Stella Vinitchi Radulescu

Stella Vinitchi Radulescu

Stella Vinitchi Radulescu was born in Romania and left the country permanently in 1983, at the height of the communist regime. She holds a PhD in French Language and Literature and has taught French at Loyola University and Northwestern University. Writing poetry in three languages, she has published numerous books in the United States, France, and Romania, including I Scrape the Window of Nothingness: New & Selected Poems (Orison Books, 2015). Radulescu’s French books have received several awards, including the Grand Prix de Poésie Henri-Noël Villard and the Prix Amélie Murat. Although she writes in three languages, she does not translate her own work.

Wesley Rothman

Wesley Rothman

Wesley Rothman’s poems have appeared or are forthcoming in Copper Nickel, Crab Orchard Review, Harvard Review, Mississippi Review, Narrative, New England Review, Prairie Schooner, Vinyl Poetry, and the newly released Poets on Growth anthology, among other venues. His criticism has appeared in The Rumpus, Rain Taxi Review of Books, Southeast Review, and Boston Review. He serves as a member of Salamander magazine’s board, an associate editor for Tupelo Quarterly, and a regular contributor to American Microreviews and Interviews. Rothman’s work has recently been nominated for the Pushcart Prize and Best of the Net, and received a Vermont Studio Center fellowship. He teaches writing and cultural literatures throughout Boston.

Nathan Slinker

Nathan Slinker

Nathan Slinker’s poems have appeared in Ninth Letter, Fugue, CutBank, Hinchas de Poesía, The Greensboro Review, The Puritan, and Kenyon Review Online, among others. He has been a Fishtrap fellow, a semi-finalist for the “Discovery”/Boston Review Poetry Prize and the OSU Press/The Journal Wheeler Prize, and a finalist for New River Press’s Many Voices Prize. He lives in Northern California.

César Vallejo

César Vallejo

César Vallejo (1892 – 1938) was a Peruvian poet, writer, playwright, and journalist. Although he published only three books of poetry during his lifetime, he is considered one of the great poetic innovators of the 20th century in any language.

Bill Wetzel

Bill Wetzel

Bill Wetzel is a Blackfeet from Montana.

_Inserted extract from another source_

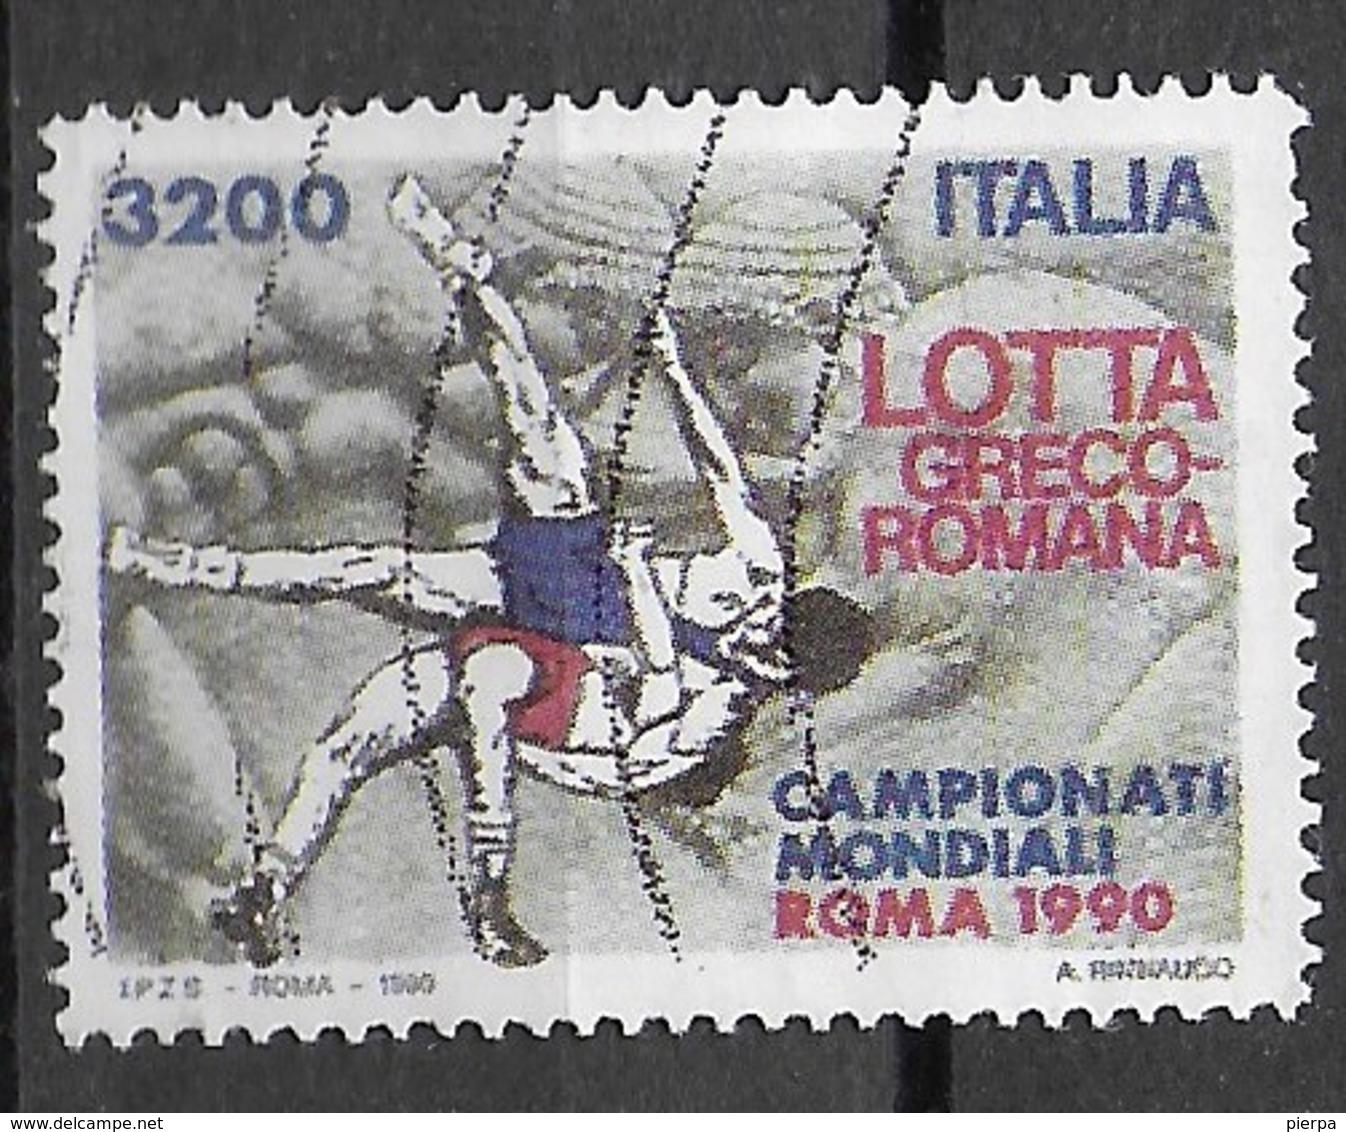 ITALIA - 1990 - LOTTA GRECO ROMANA LIRE 3200 - FALSO PASSATO PER POSTA -DENT- 13 3/4 X 13 3/4 - Variétés Et Curiosités

His work has appeared in the American Indian Culture & Research Journal, Cutthroat: A Journal of the Arts, Yellow Medicine Review, Literary Orphans, and elsewhere. He is the founder and curator of the Stjukson Indigenous reading series in Tucson, AZ. When not writing, and being a casual friend to the most gorgeous woman in the world (#TMGWITW), he enjoys a lucrative dual career in dogsitting and as Joan Kane’s joke writer. You can follow his thoughts on twitter at billthebutcher2.

Erika Wurth

Erika T. Wurth

Erika T. Wurth’s novel, Crazy Horse’s Girlfriend, was published by Curbside Splendor. Her collection of poetry, Indian Trains, was published by The University of New Mexico’s West End Press. She teaches creative writing at Western Illinois University and has been a guest writer at the Institute of American Indian Arts. Her work has appeared or is forthcoming in numerous journals, such as Boulevard, Drunken Boat, and Southern California Review. She is represented by Peter Steinberg. She is Apache/Chickasaw/Cherokee and was raised outside of Denver.